Small trigger warning to everyone reading this. It contains my experience with rape.
Dear Diary, since I was small I never was able to write a Diary to write down my thoughts. Many of them have been broken into by my sister to read to her friends, so I never put angthing important in there.
Now .... I do not care if people see this, but I just wanna spill out my heart and alle the bad things that happened back then.W;hen I was little, by my own brother, I still remember it to this day, was raped. It only happened once he didn't do it fully, but it was still enough to stay in my head. as a teeny wheeny child I didn't know what happend then. I thought my brother just wanted to play a little, I mean, he was my Brother, my older Brother. It happened some other times too, but there was only touching. When I grew up I forgot about it all, thought it was all just a dream made up by my horny teenage mind. But it wasn't. One day it happened some time after christmas. About 3years ago I think it was. He tried it again. He was drunk, not violent, he never was. But the way he took me to his room, I thought he only wanted my help with something. Inside he turned off the light and softly began to touch me. I felt repulsed. I asked him if he really is doing what I think he was doing. He kept silent. Kissing my neck. Moving his hand softly downwards and moving his fingers. I stopped him, thank god. And left the room. I couldn't sleep that night. My little sister slept in the bed just next to mine.
Layibg on the bed I still felt his hand touching me down there. It was tingling. I think what I did after that was not sonething I should have done. I masturbated to it. Crying while doing so. Just hoping to get the itchy feeling away.
A month later I told my older sister about it. As my mother screamed at my brother for alcohol abuse and for losibg his money on the machine.
She told my mom. I've never felt so exposed in my life.
I only told then about that night, nothing more.
A week later I remembered that time when I was younger, where he tried doing it.
With my stupid hopeful mind I went to my mother and told her about it. She laughed.. She fucjing laughed at it. Saying I'm just trying to create something that isn't there.

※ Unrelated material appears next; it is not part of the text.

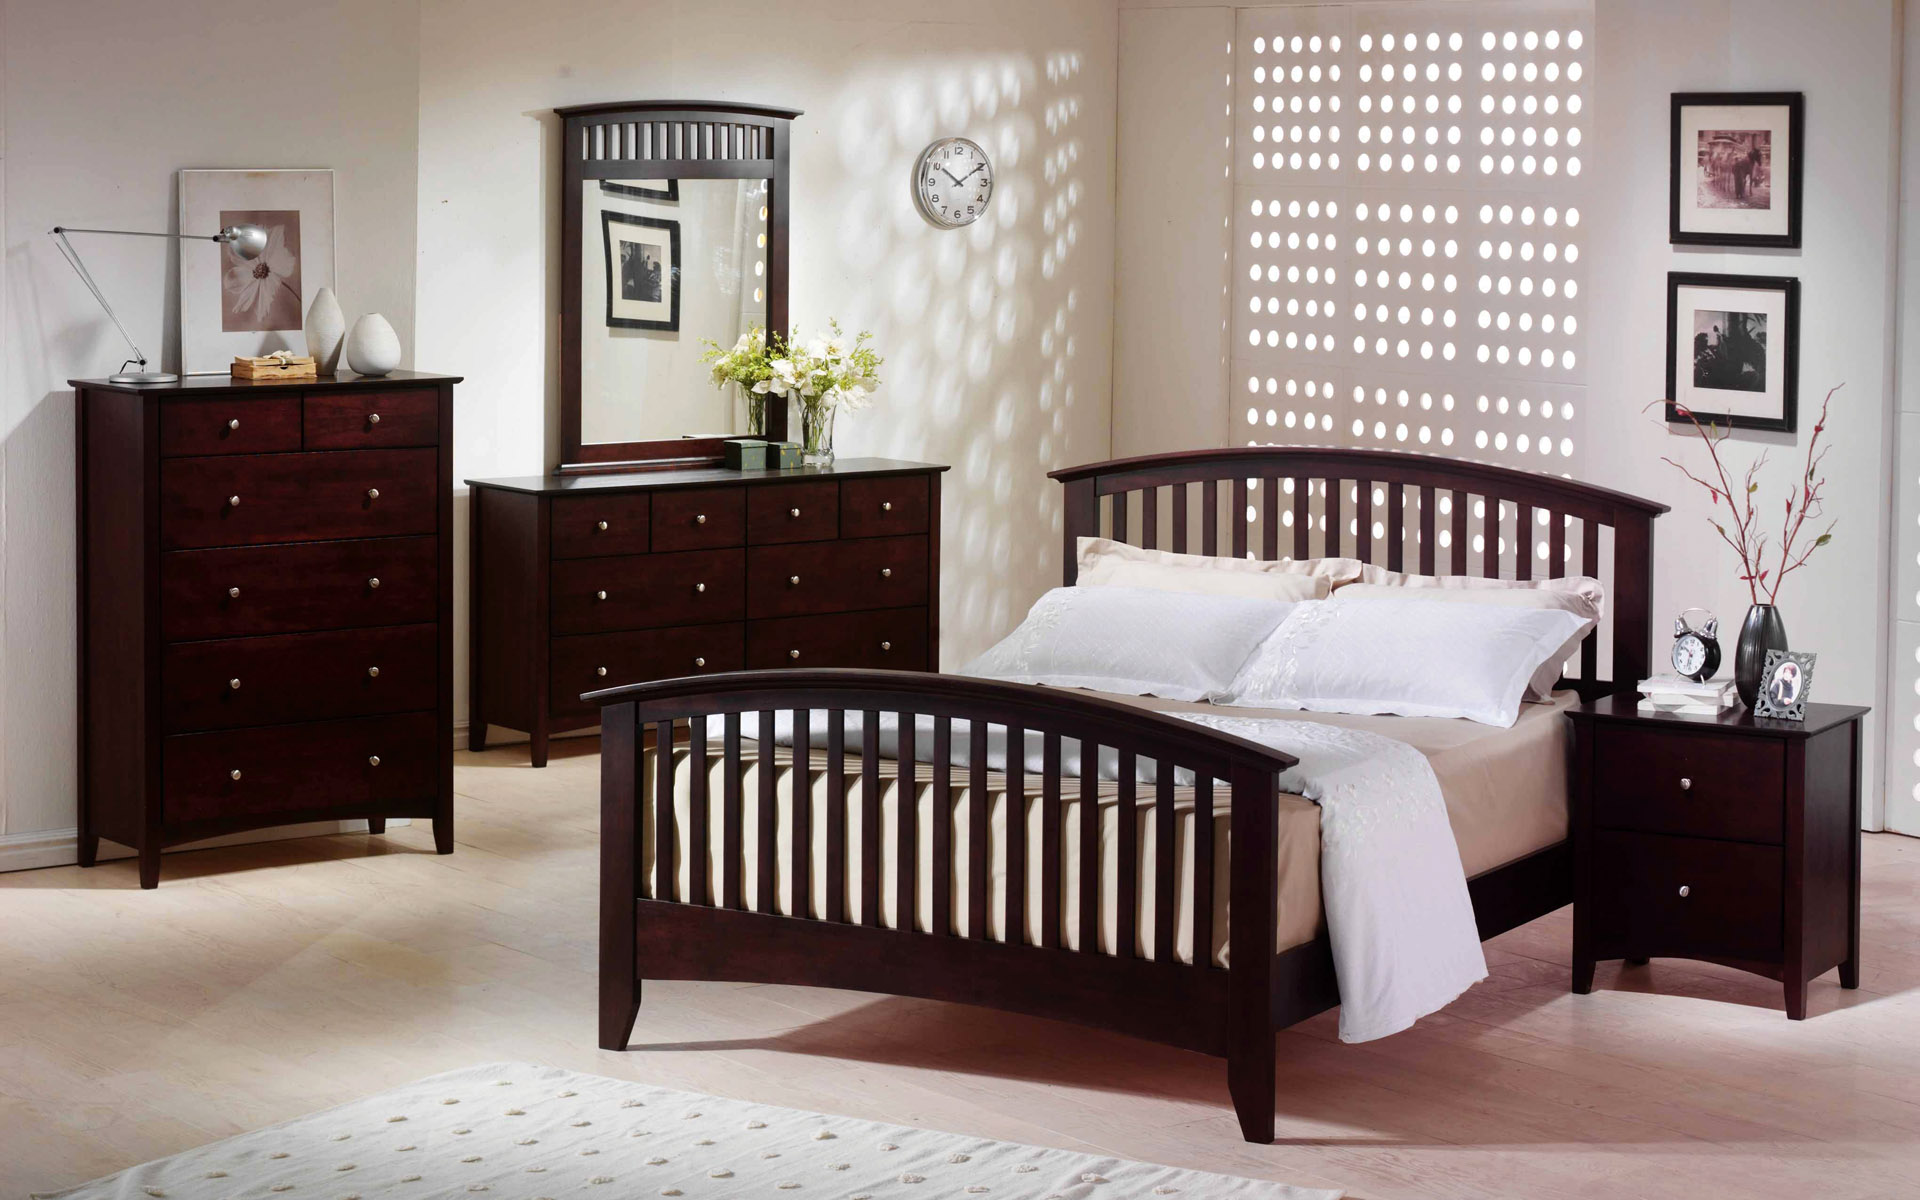 Nên chọn giường ngủ theo phòng thủy có đầu giường làm bằng gỗ hoặc bọc đệm, đảm bảo những giấc ngủ ngon cho gia chủ mỗi ngày

2 years after that I though to tell my friend about it, my best friend. We were having a deep talk, it was only about her and her problems and I thought that I could maybe at least once share one of mine, where someone would feels sad for me, at least give me some pity.... She completely ignored it, she continued about her own sob stories. I stopped telling her about myself
After some time my older sister said sonething strange, when we got back to the talk about what happened. She said that maybe that is the reason why she sometimes wakes up with a sore throat and a hurting back... Since then I stopped telling my Family something about myself
A Family friend.. We talked about my older sisters irresponsible way of handling the money my mother gives her for her tuition. Spending it on alcohol etc. Whilr my mother didn't want to pay for my tuition.. There I opened myself about it to him. Again, it was completely ignored.

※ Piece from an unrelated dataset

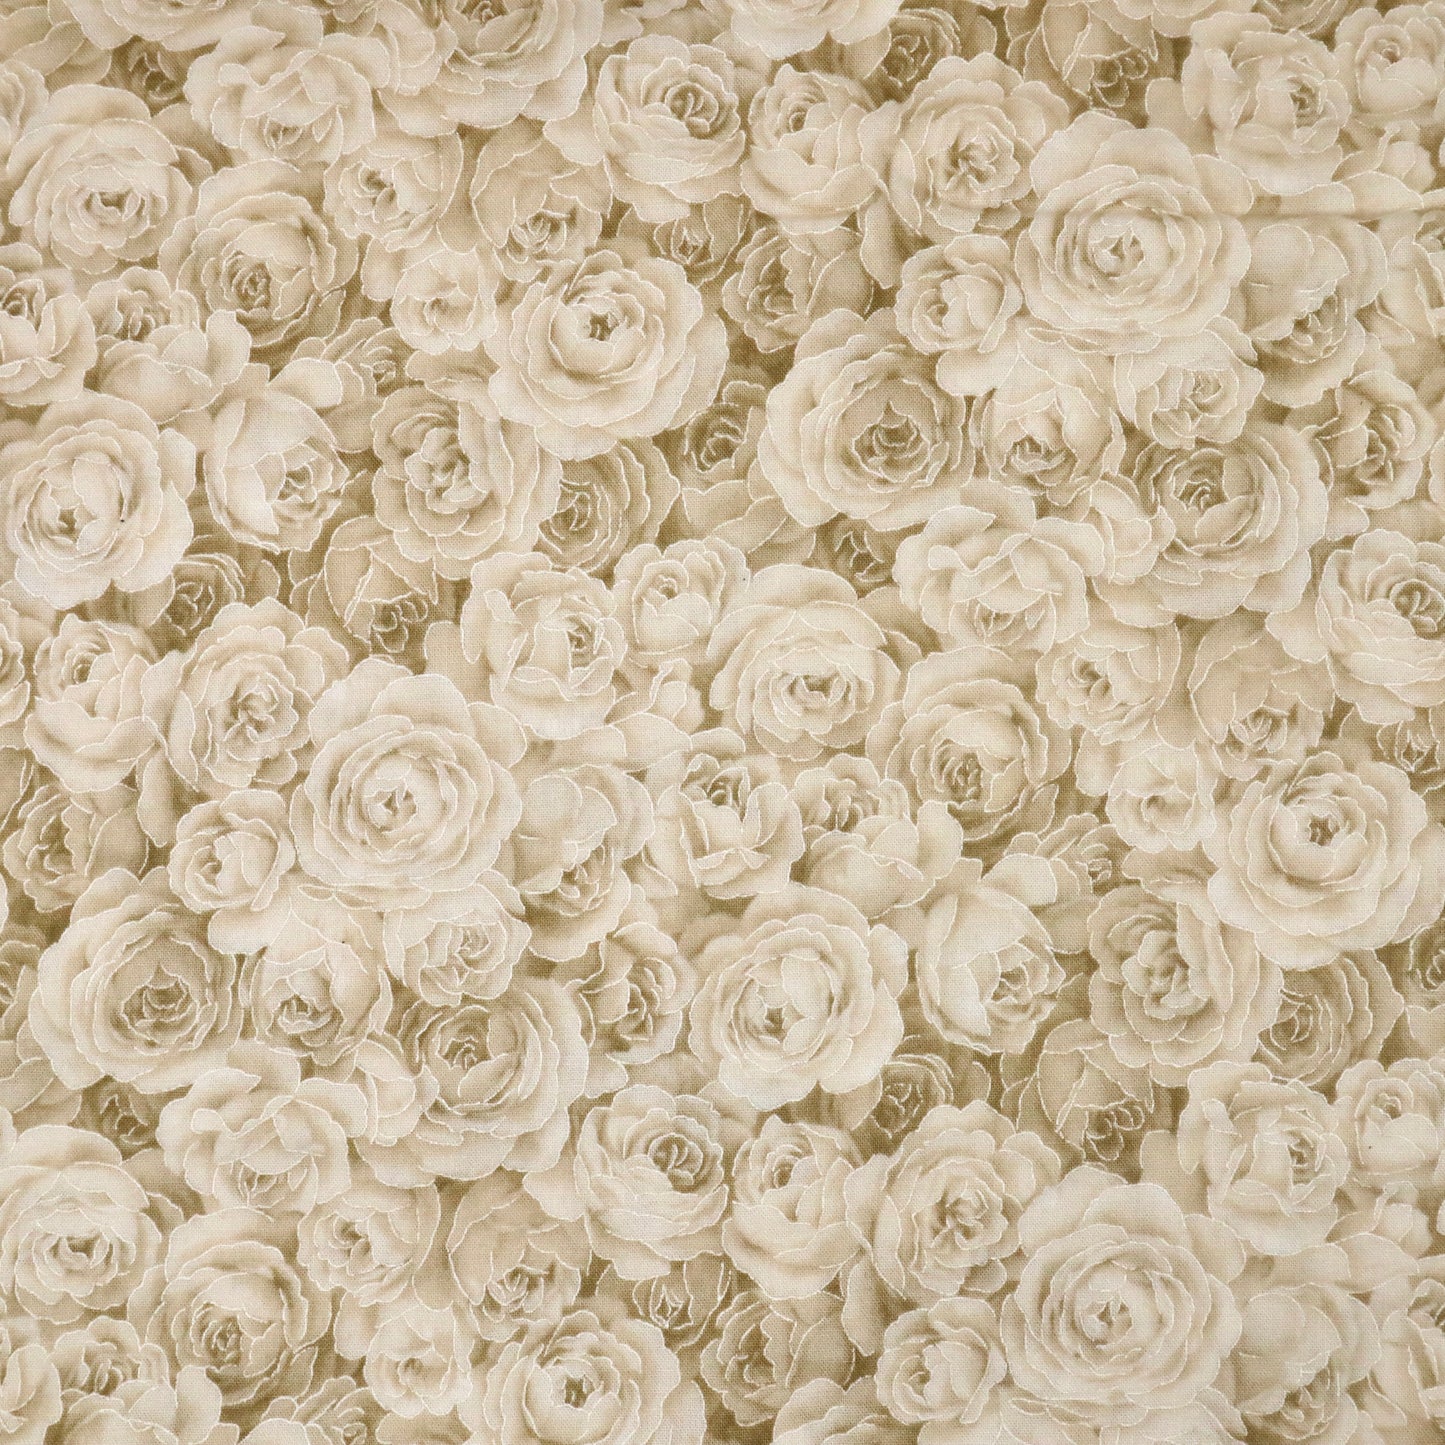 Metallic Cream Roses - Quilting Cotton

My Diary, now tell me, why? Why is everyone like this. Noone tries to console me. Noone blames him for his wrong doings.
Is it me? Am I the problem?Did I do something that urges people to ignore my hurt, my suffering?

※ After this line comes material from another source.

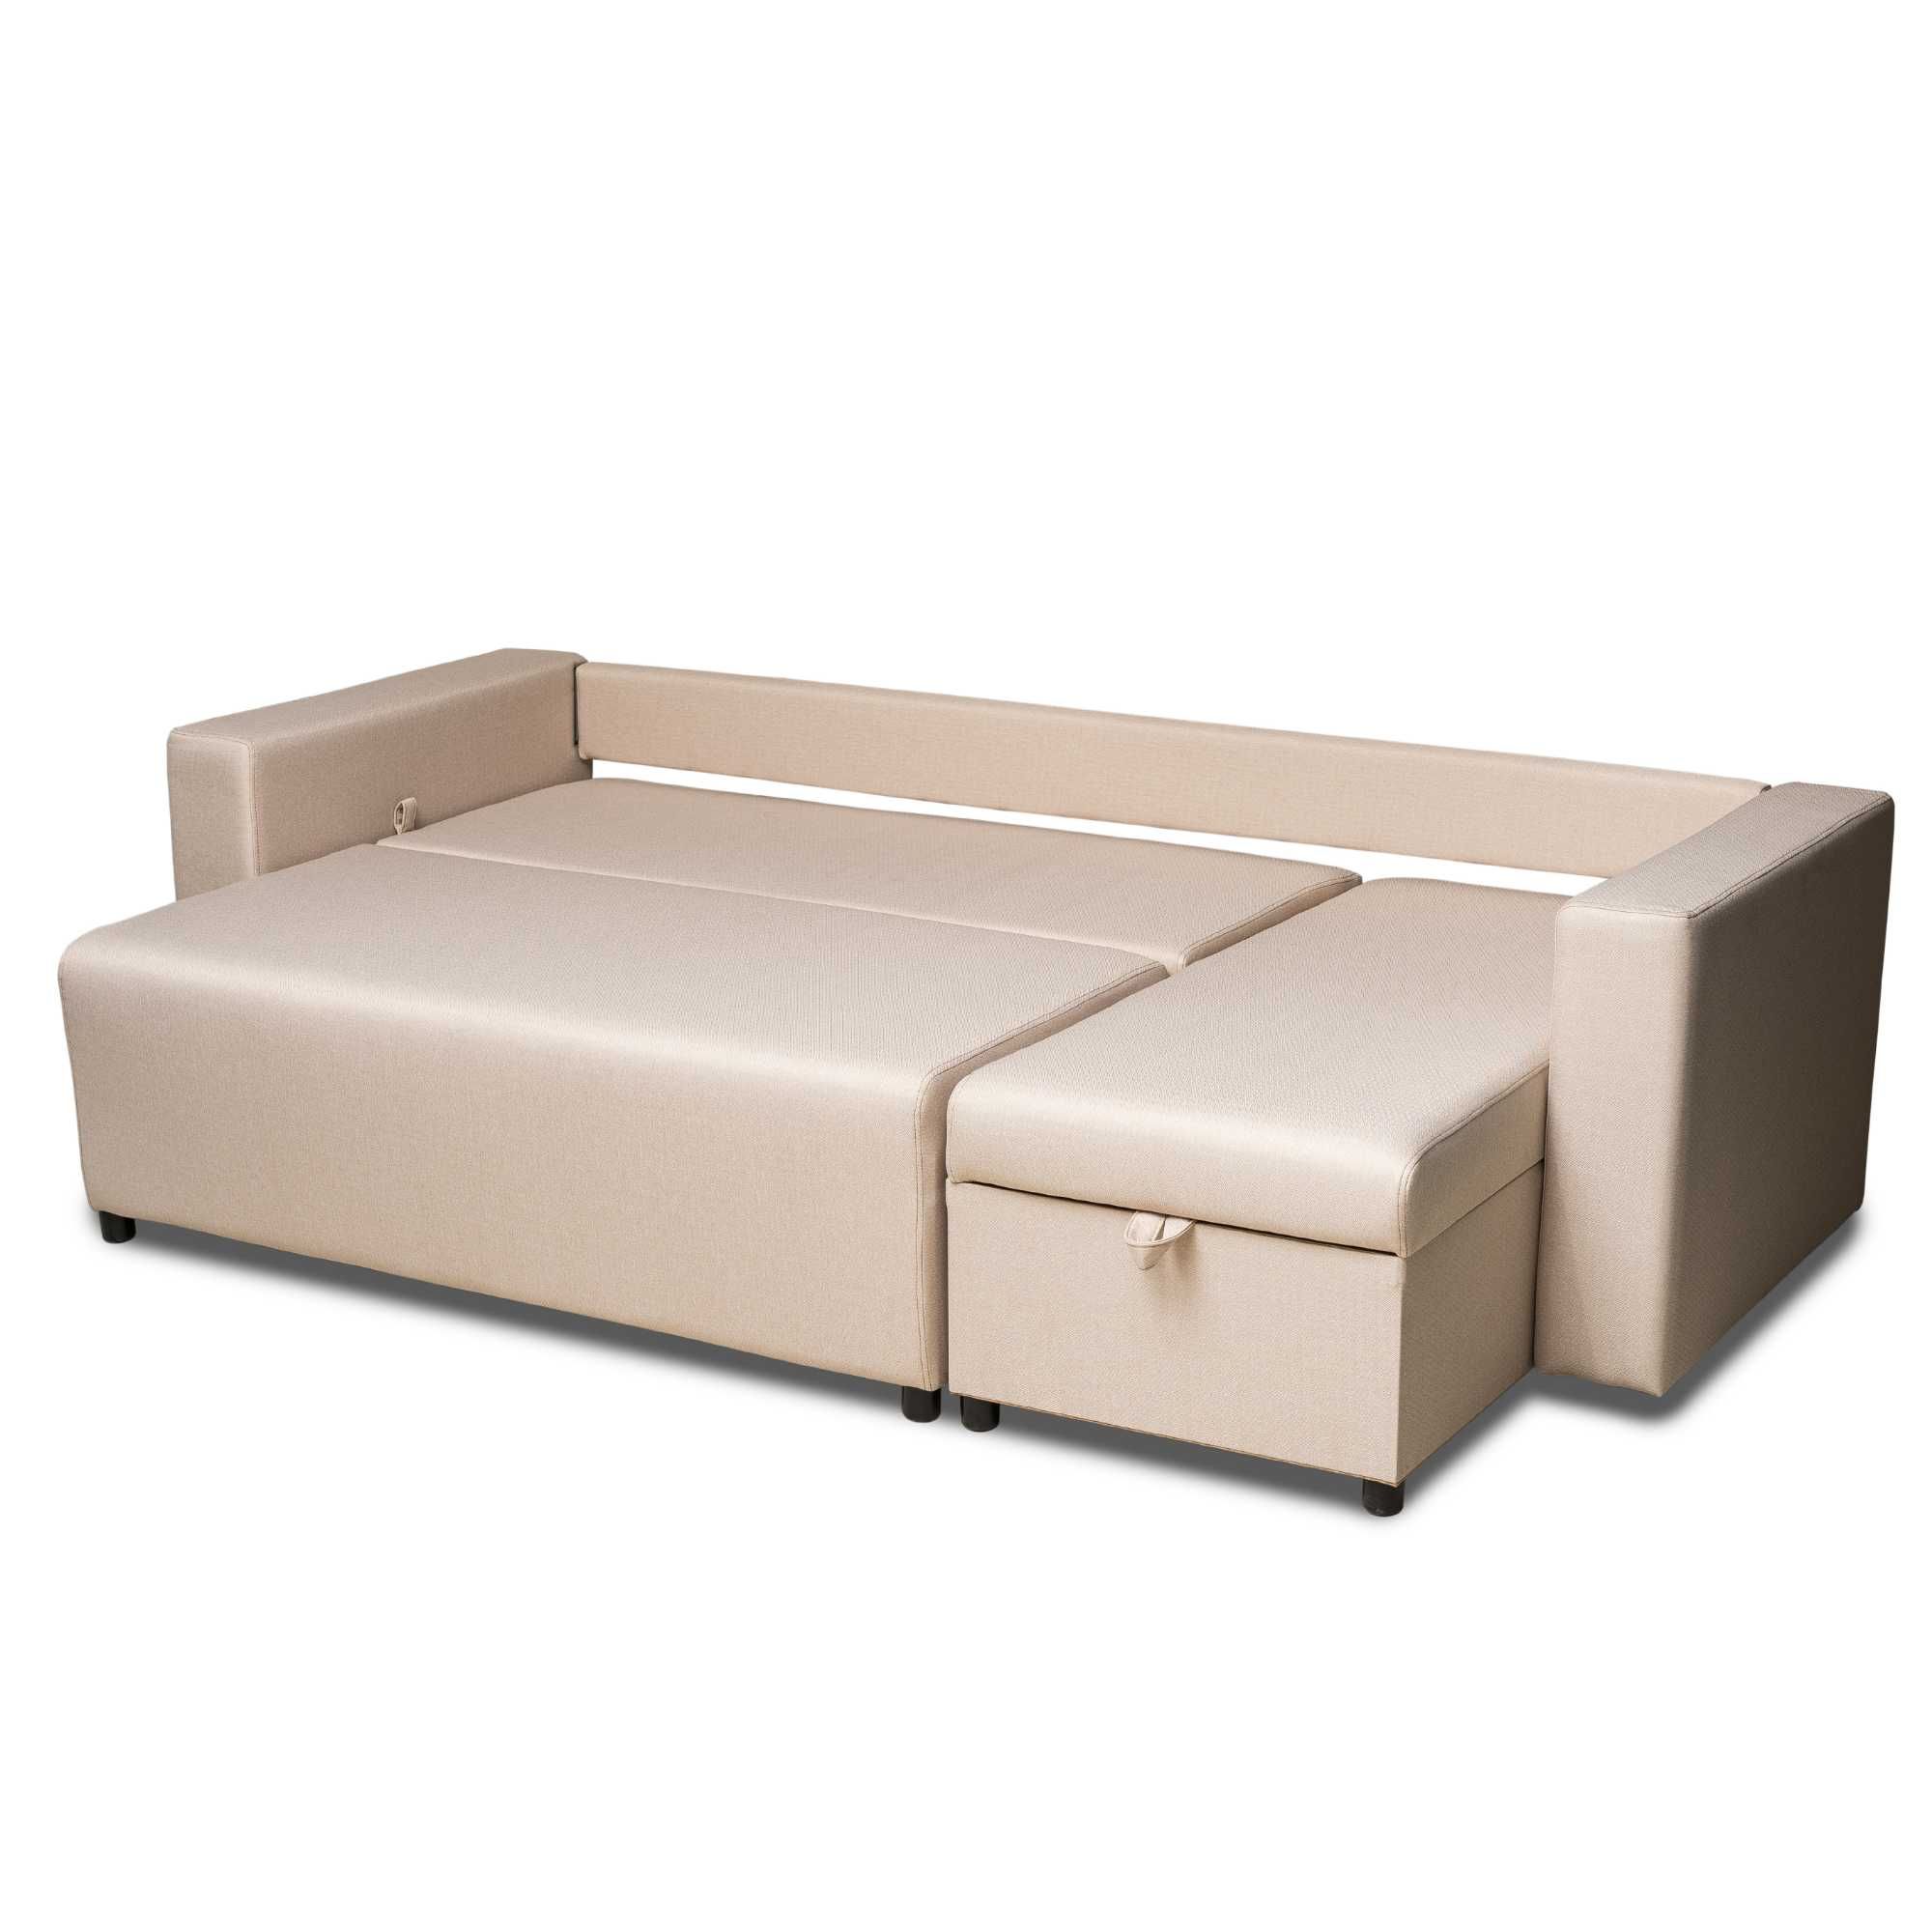 Новый диван угловой Сити 3 бежевый мягкая мебель Доставка бесплатно

I continued to live with him under the same roof till 4 months ago. He finally left the home.
Maybe now I can try to heal. Maybe I will find someone I could tell all my problems to that does not just ignore it and continue on.
My Dear Diary, I hope I didn't bore you, crying and telling about myself.
Maybe noone will ever let me speak out my hurt, but maybe you will accept it.
Thanks. For listening to my hurt, my pain, the one and only time where I scream about this pain of mine to the world.